In Hayes’ talk for Creative Time, the artist recounts her early, formative years living in New York in a way that tries to eschew “speaking autobiographically,” as Hayes terms it, and attempts instead to “speak singularly” about her experiences and how they informed her practice. Rather than trying to draw a cause-and-effect relationship between the artistic, social and political experiences she had and her current practice, Hayes underscores the experiential, affective dimensions of living in New York in the early 1990s and becoming a part of movements like ACT UP seemingly by accident. She describes her entrance into these movements as being immersed into the middle of something that was already underway and also as a process of “accelerated becoming.”
Though Hayes is addressing a very particular time and place, her talk does not follow the traditional confessional model of many of ACT UP’s oral histories, which often attempt to instrumentalize suffering and death into politics in a way I sometimes find unsettling. In this model, the death of a friend, acquaintance or public figure is framed as the catalyst for political and social activism. While I know that those experiences informed the incredibly important work that many of ACT UP’s members did and continue to do, I like Hayes’ notion of “accelerated becoming” as another way that political activism takes shape: as a way of accounting for the osmosis effect that takes place within a social movement, where affect travels among individual subjects in a way that is not always easy to trace. It makes sense to me as a model for understanding how people become immersed in a movement and inspired to take action, and also seems to offer some optimism for the political effects of contemporary artworks.
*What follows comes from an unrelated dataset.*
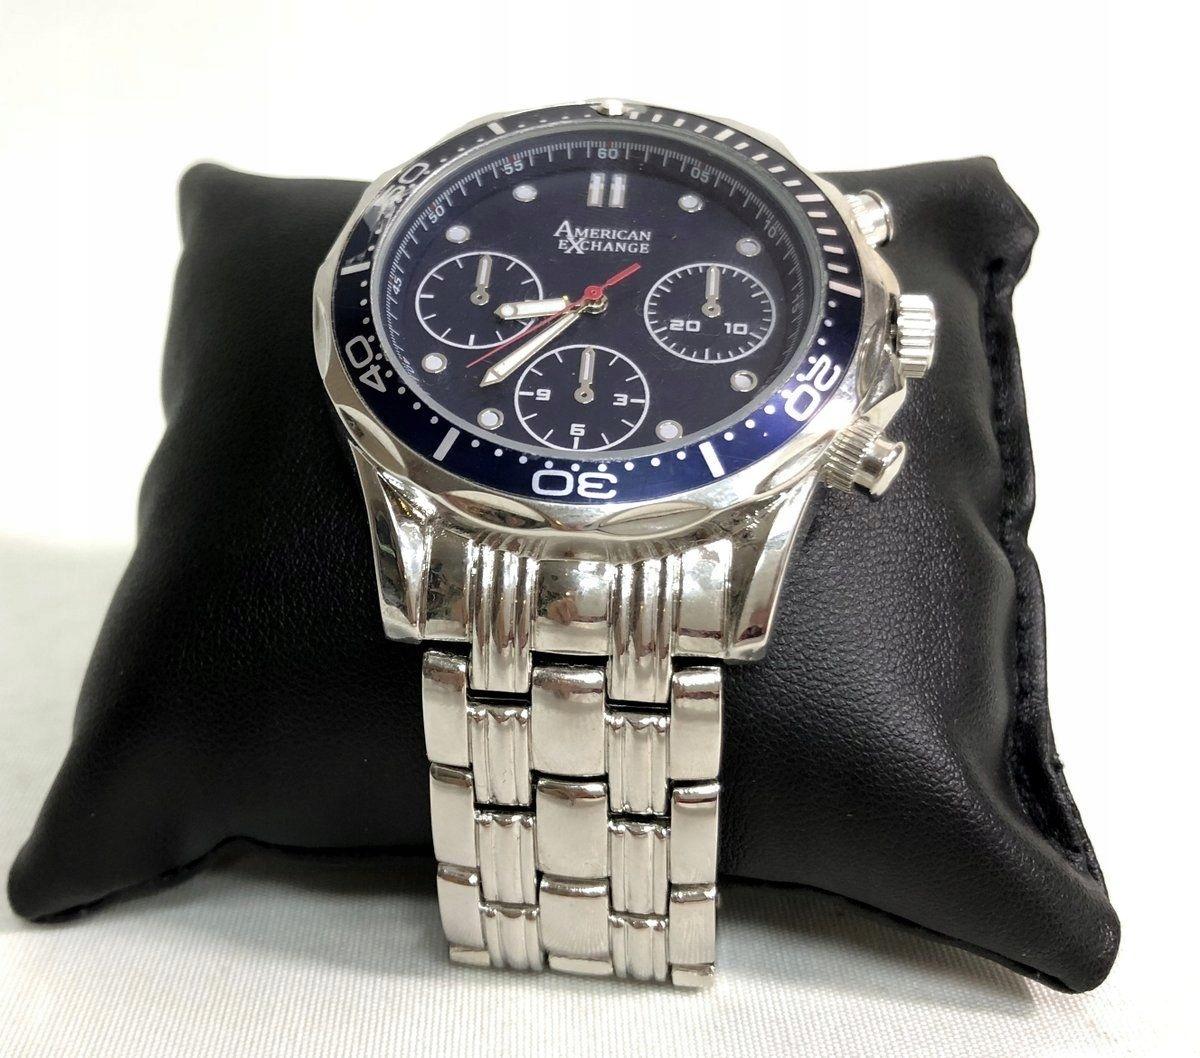 d2e36b3d047134 Zegarek American Change 4020 nieużywany - 7606276044 - oficjalne ...

Two new reviews from Toronto appear in the Fall 2011 issue of Montreal’s esse magazine, both dealing with photographic practices. The first is my take on a retrospective of the work of landmark performance artist Suzy Lake, which appeared at the University of Toronto Art Centre (UTAC) as part of this year’s CONTACT Photography Festival. I particularly liked seeing her new “Extended Breathing” series of lightbox photographs, which are quite beautiful as an extremely reduced from of performance. As I tried to suggest in my text, however, I think there are some places where the UTAC show tried to sum up Lake’s practice a bit too simplistically through the theme of “Political Poetics.” Lake’s career has been a rich and varied one that I think deserves more, sustained curatorial attention in the future.

Suzy Lake, "Extended Breathing: While Highlights Travel," 2009. Photo: courtesy of Paul Petro Contemporary Art, Toronto
Also in this issue of esse is my review of a two-person exhibition at Angell Gallery featuring recent York MFA grad Alex Kisilevich and video and performance artist Geoffrey Pugen, both of whom exhibited photographs (Pugen’s show included some great video works as well). It was refreshing to see what felt like genuinely new work from two local artists that also managed to investigate some of the unique qualities of photo-based practices. They’re two names to keep an eye on in Toronto, including Pugen’s upcoming performance at this year’s Nuit Blanche.